Anonymous_EA comments on What success looks like

Anonymous_EA 28 Jun 2022 17:56 UTC
14 points
0 ∶ 0
Great post!
From Scenario 1, in which alignment is easy:
The alignment problem turns out much easier than expected. Increasingly better AI models have a better understanding of human values, and they do not naturally develop strong influence-seeking tendencies. Moreover, in cases of malfunctions and for preventative measures, interpretability tools now allow us to understand important parts of large models on the most basic level and ELK-like tools allow us to honestly communicate with AI systems.
Here you seem to be imagining that technical AI alignment turns out to be easy, but you don’t discuss the political/governance problem of making sure the AI (or AIs) are aligned with the right goals.
E.g. what if the first aligned transformative AI systems are built by bad actors?
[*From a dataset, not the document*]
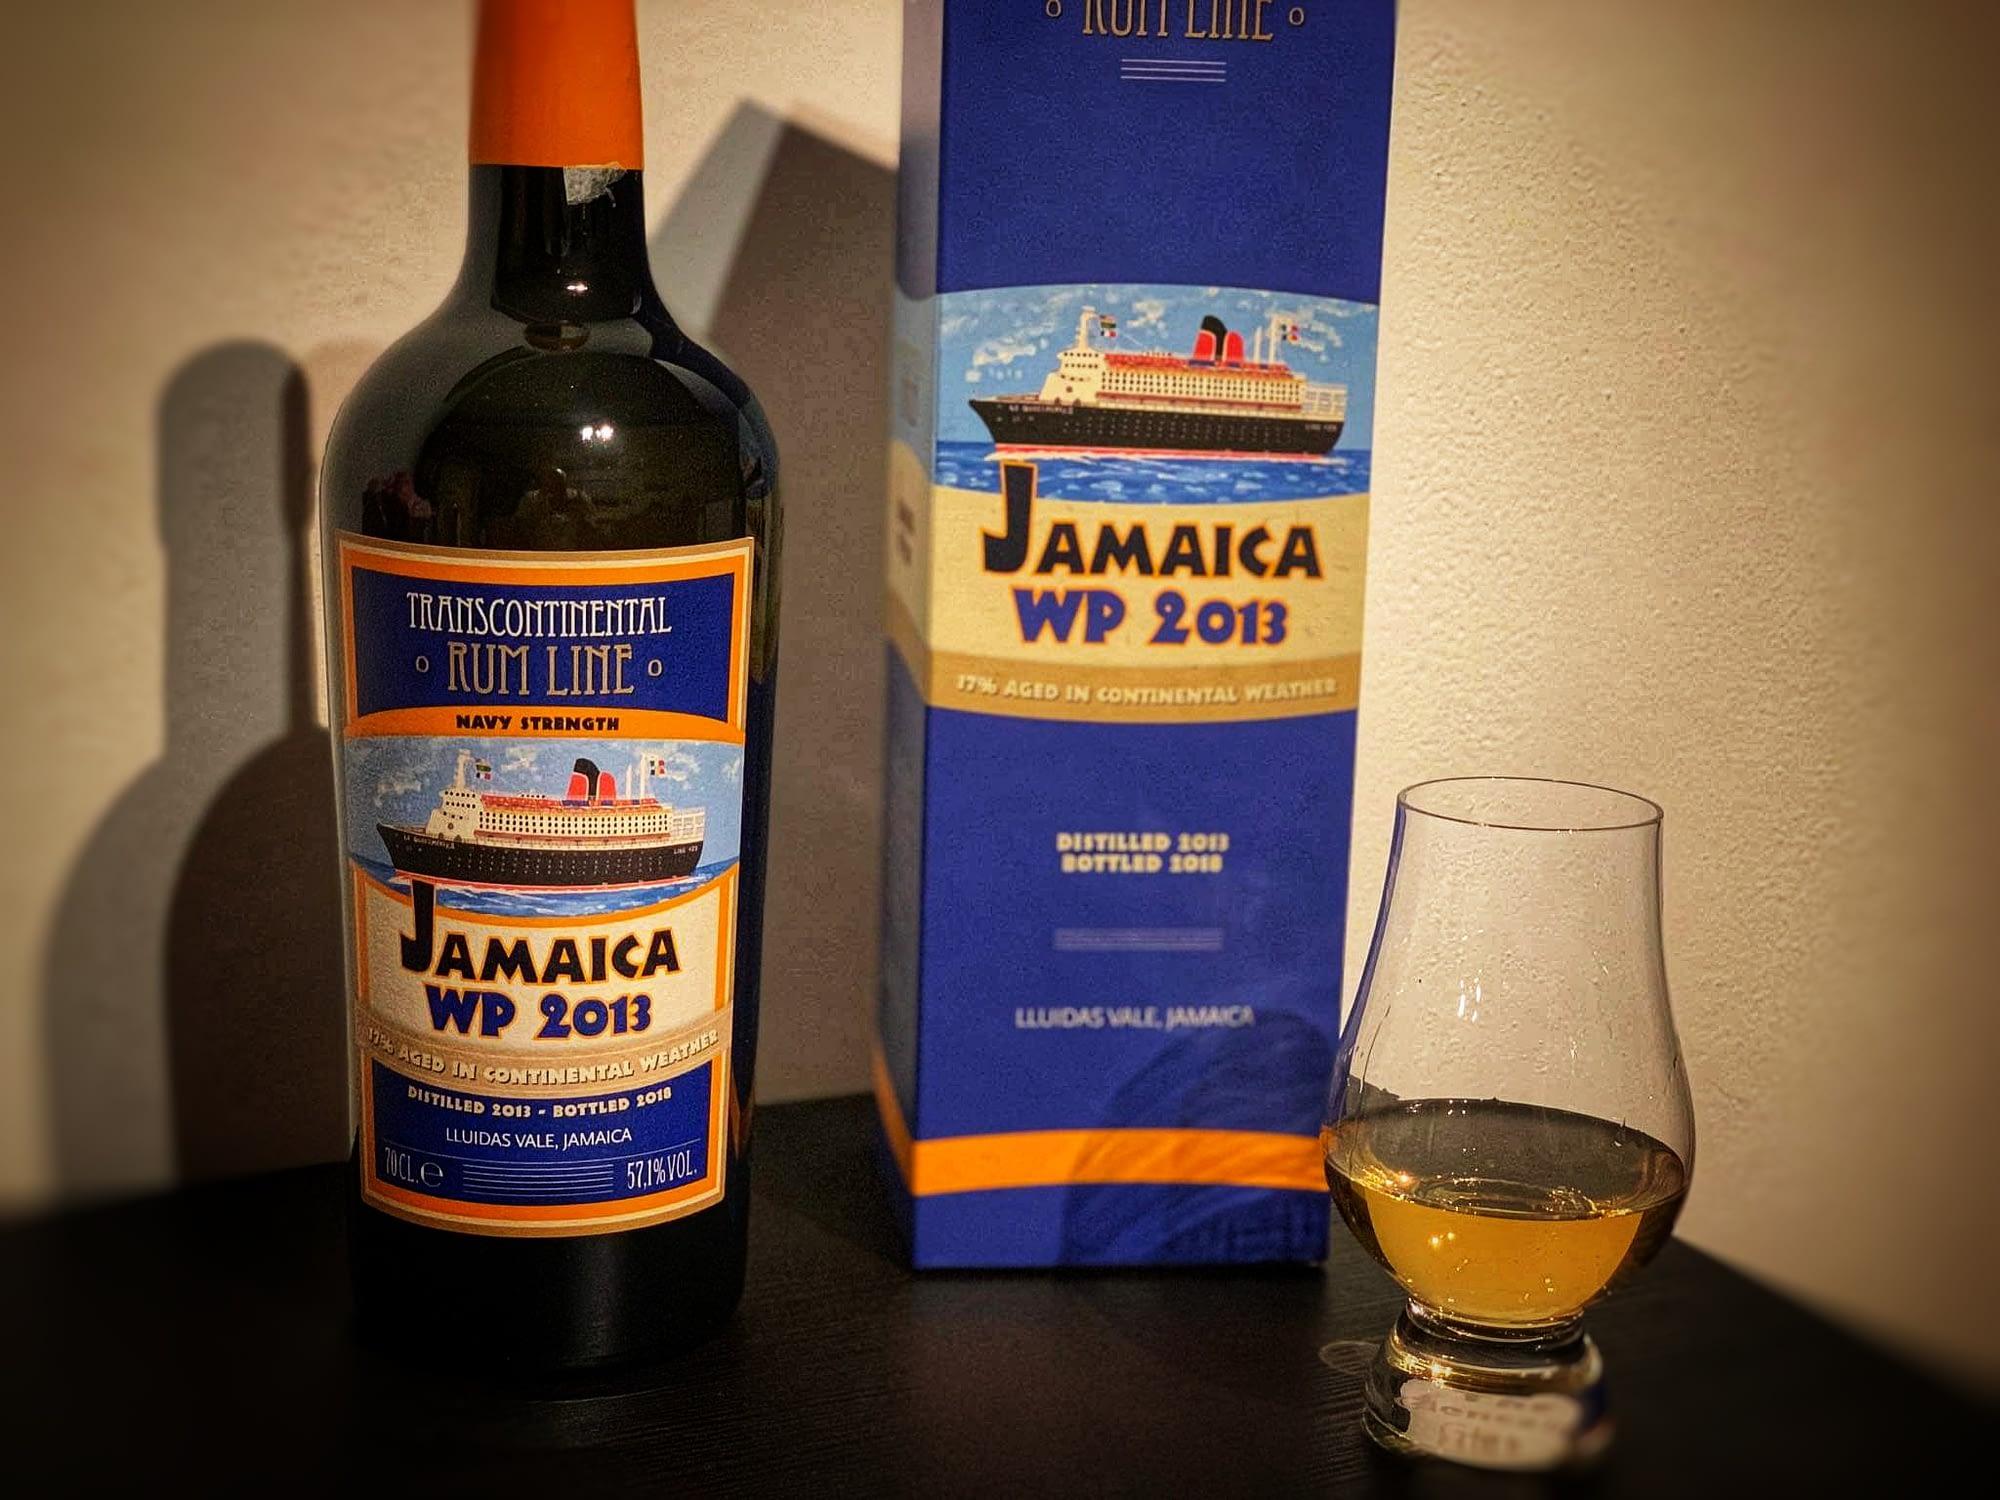 Transcontinental rum line WP 2013

What if they’re built by well-intentioned actors who nevertheless have no idea what to do with the aligned TAI(s) they’ve developed? (My impression is that we don’t currently have much idea of what a lab should be looking to do in the case where they succeed in technical alignment. Maybe the aligned system could help them decide what to do, but I’m pretty nervous about counting on that.)
From my perspective a full success story should include answers to these questions.
- mariushobbhahn 28 Jun 2022 19:55 UTC
  5 points
  0 ∶ 0
  Parent
  Yes, that is true. We made the decision to not address all possible problems with every approach because it would have made the post much longer. It’s a fair point of criticism though.